Terms of taping probe to be set next week

Terms for the Commission of Investigation into the secret recordings will be finalised by next week, Taoiseach Enda Kenny confirmed yesterday.
The Cabinet yesterday discussed draft terms for the inquiry, which will be headed up by Supreme Court judge Nial Fennelly.
It was agreed a full inventory of the 2,485 tapes of calls from Garda stations will be made and access to them will be restricted.
It emerged yesterday that the Commission may look at the circumstances around the recording of phone calls in jails between prisoners and their solicitors. Mr Kenny confirmed yesterday conversations of 84 prisoners with their lawyers had been secretly recorded in jails.
Mr Kenny said terms for the inquiry into years of secret taping of phone conversations would be finalised in the next seven to 10 days.
Judge Fennelly is expected to review the draft terms.
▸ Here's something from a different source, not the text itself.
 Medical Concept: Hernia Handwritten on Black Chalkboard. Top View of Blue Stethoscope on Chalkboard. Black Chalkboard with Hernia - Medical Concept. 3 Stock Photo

He has been a member of the Supreme Court since 2000. A former chairman of the Bar Council of Ireland, he chairs the Irish Centre for European Law and is president of the Irish Society for European Law.
The judge also previously chaired a working group which reported on the future of criminal jurisdiction in the courts in May 2003.
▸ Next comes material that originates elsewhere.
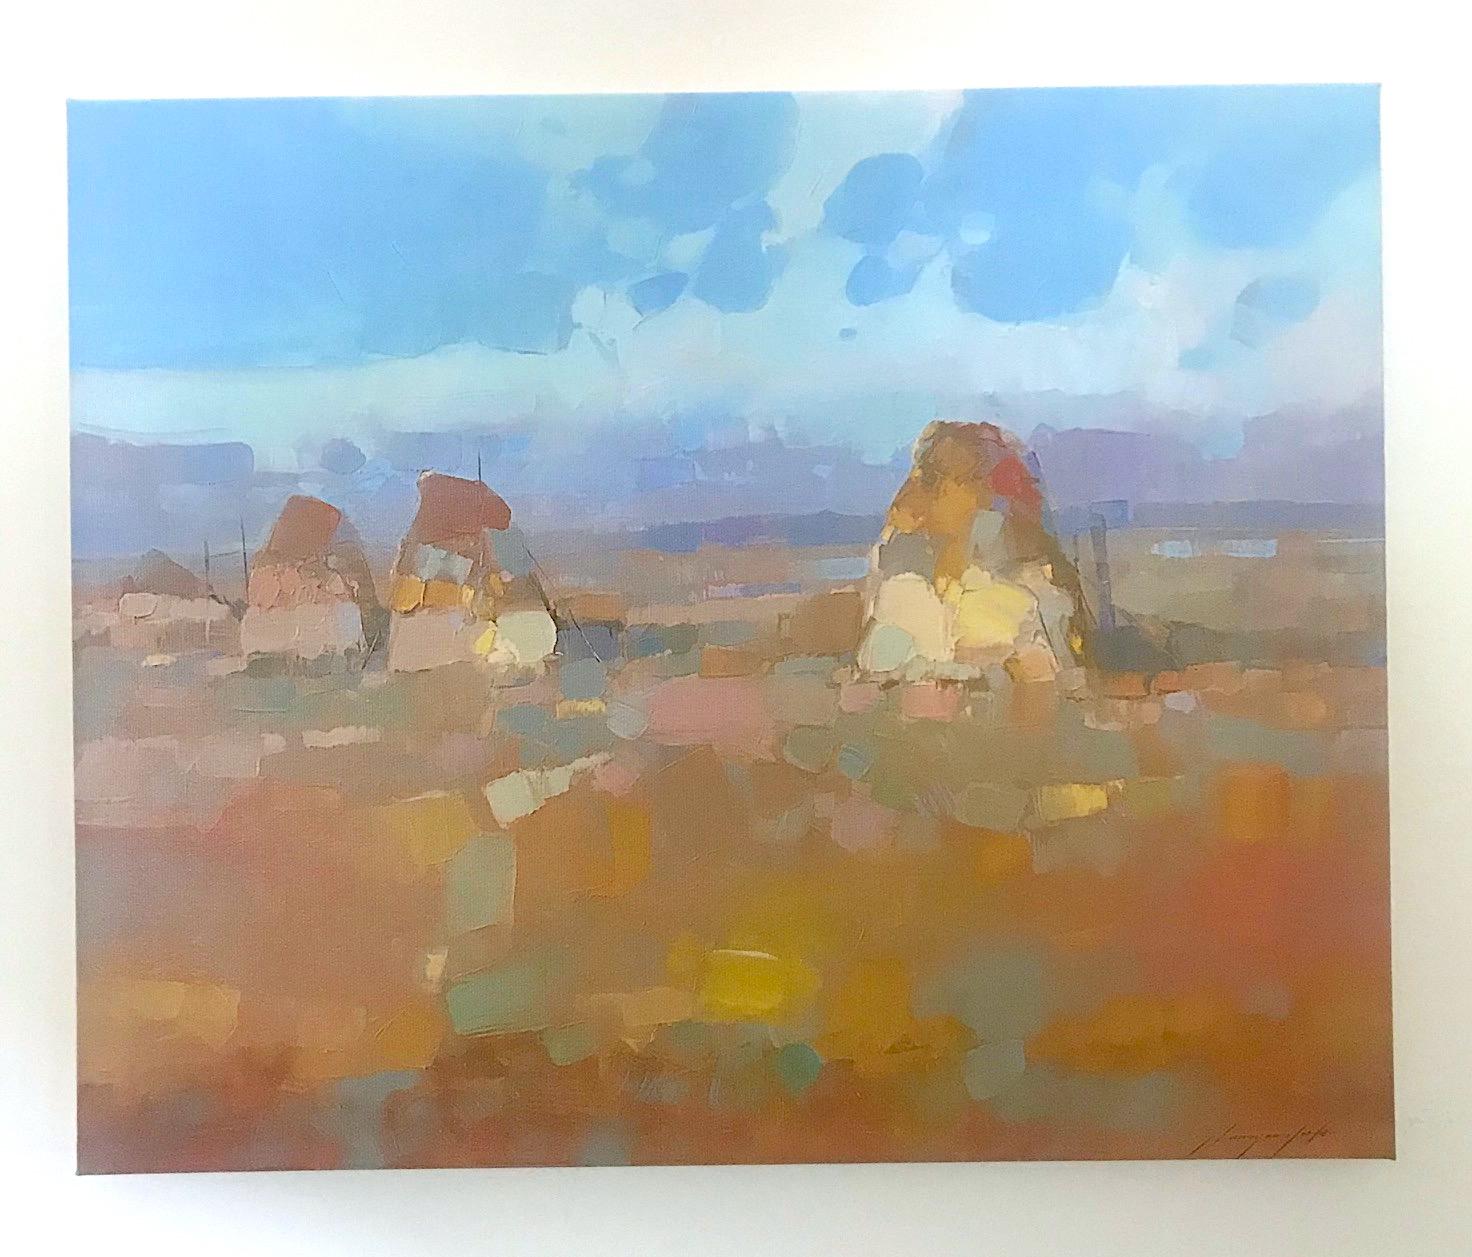 Stacks, Print on Canvas - Brown Landscape Painting by Vahe Yeremyan

Legals sources said Judge Fennelly had an “incisive mind”, was “extraordinarily fair”, and had an attention to detail. He is due to retire from the Supreme Court on May 2, by which time the inquiry may be ready to be set up.
Two provisional reports from the Garda and the Department of Justice on the tapes will also help inform the terms.
Meanwhile, the Government have agreed that a Cabinet sub-committee will oversee long-term over-arching reforms of the gardaí. Mr Kenny, Tanaiste Eamon Gilmore, Justice Minister Alan Shatter and a fourth minister will sit on it.